The power of the test, then, is:

In [89]:
power.t.test(sig.level = 0.05, 
             n=30, 
             sd = sd(f1_score_before), 
             delta=0.02*mean(f1_score_before), 
             type='two.sample', 
             alternative='one.sided'
            )


     Two-sample t test power calculation 

              n = 30
          delta = 0.0180998
             sd = 0.02355011
      sig.level = 0.05
          power = 0.9026465
    alternative = one.sided

NOTE: n is number in *each* group


Applying t test for the f1 score samples, from before adjustment and after adjustment, the result is:

In [90]:
t.test(f1_score_before, f1_score_after, alternative='less', conf=0.95)


	Welch Two Sample t-test

data:  f1_score_before and f1_score_after
t = -6.3554, df = 51.308, p-value = 2.77e-08
alternative hypothesis: true difference in means is less than 0
95 percent confidence interval:
        -Inf -0.02439342
sample estimates:
mean of x mean of y 
0.9049898 0.9381137 


The p-value for the test allow us to negate the null hypothesis of same performance, so the second algorithm is better than the first one considering the f1 score.

## Testing norms

### Testing the norm of the weight from the hidden layer

For the norm, we have 30 samples, from the runs performed, and want a power of 0.8 at least.
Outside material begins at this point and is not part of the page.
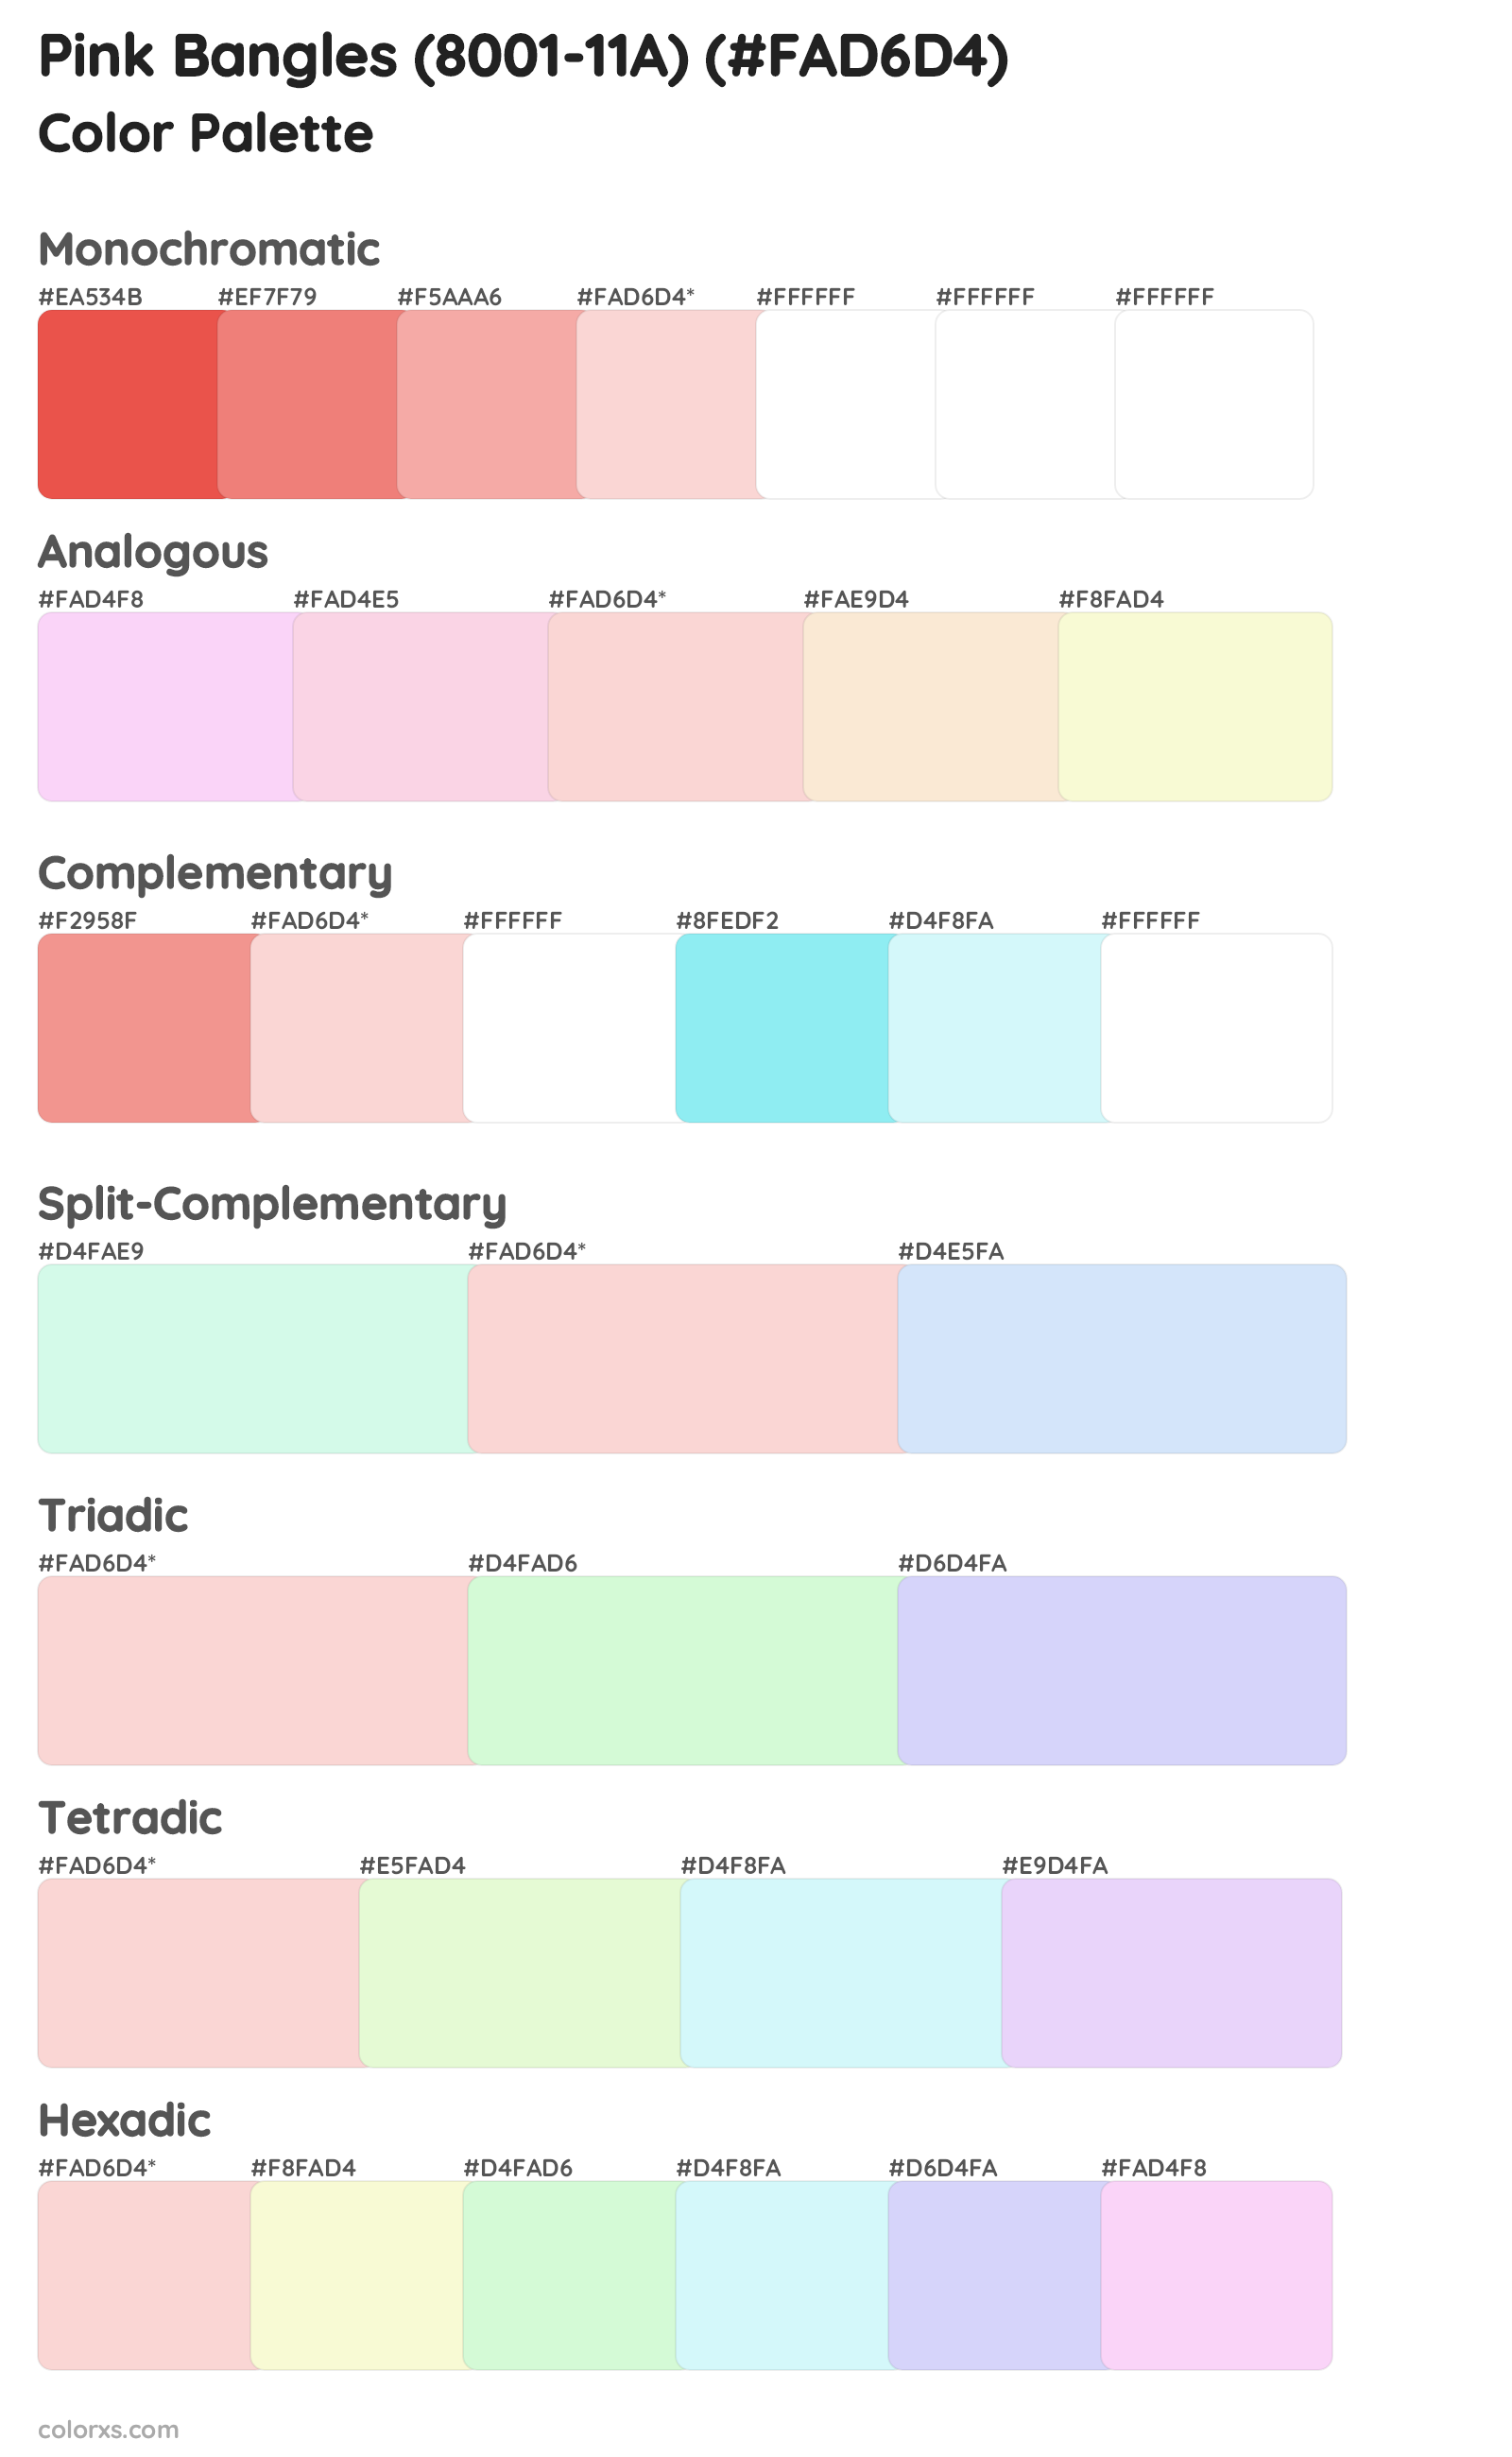 Pink Bangles (8001-11A) Color Scheme Palettes

Considering these parameters, the effective size obtained, which will be the lowest difference value considered to do the comparisons is: 

In [113]:
delta <- power.t.test(sig.level = 0.05, 
             n=30, 
             sd = sd(norm_1_before), 
             power=0.8, 
             type='two.sample', 
             alternative='one.sided'
            )$delta

cat("Delta value = ", delta / mean(norm_1_before) * 100, "%")

Delta value =  12.62151 %

In [98]:
t.test(norm_1_before, norm_1_after, alternative='greater', conf=0.95, var.equal = F)


	Welch Two Sample t-test

data:  norm_1_before and norm_1_after
t = 10.148, df = 50.366, p-value = 4.494e-14
alternative hypothesis: true difference in means is greater than 0
95 percent confidence interval:
 13.99586      Inf
sample estimates:
mean of x mean of y 
 38.81299  22.04913 


The p-value allow us to negate the null  hypothesis of same norm for each algorithm, and indicates the possibility that the second one is better then the first one with 95% confidence.

### Testing the norm of the weighs from the output layer

In [114]:
delta <- power.t.test(sig.level = 0.05, 
             n=30, 
             sd = sd(norm_2_before), 
             power=0.8, 
             type='two.sample', 
             alternative='one.sided'
            )$delta

cat("Delta value = ", delta / mean(norm_2_before) * 100, "%")

Delta value =  13.9734 %

In [115]:
t.test(norm_2_before, norm_2_after, alternative='greater', conf=0.95, var.equal = F)


	Welch Two Sample t-test

data:  norm_2_before and norm_2_after
t = 5.8182, df = 52.757, p-value = 1.784e-07
alternative hypothesis: true difference in means is greater than 0
95 percent confidence interval:
 6.706916      Inf
sample estimates:
mean of x mean of y 
 33.42141  24.00473 


And, as obtained for the weights of the hidden layer, the p-value allow us to infer that the second algorithm is better than the first one with 95% confidence.

## Conclusion

The proposed algorithm **improves** the general performance of the MLP, according to an improvement of the f1 score. It helps to reduce the model complexity through a reduce on weights norms from all layers.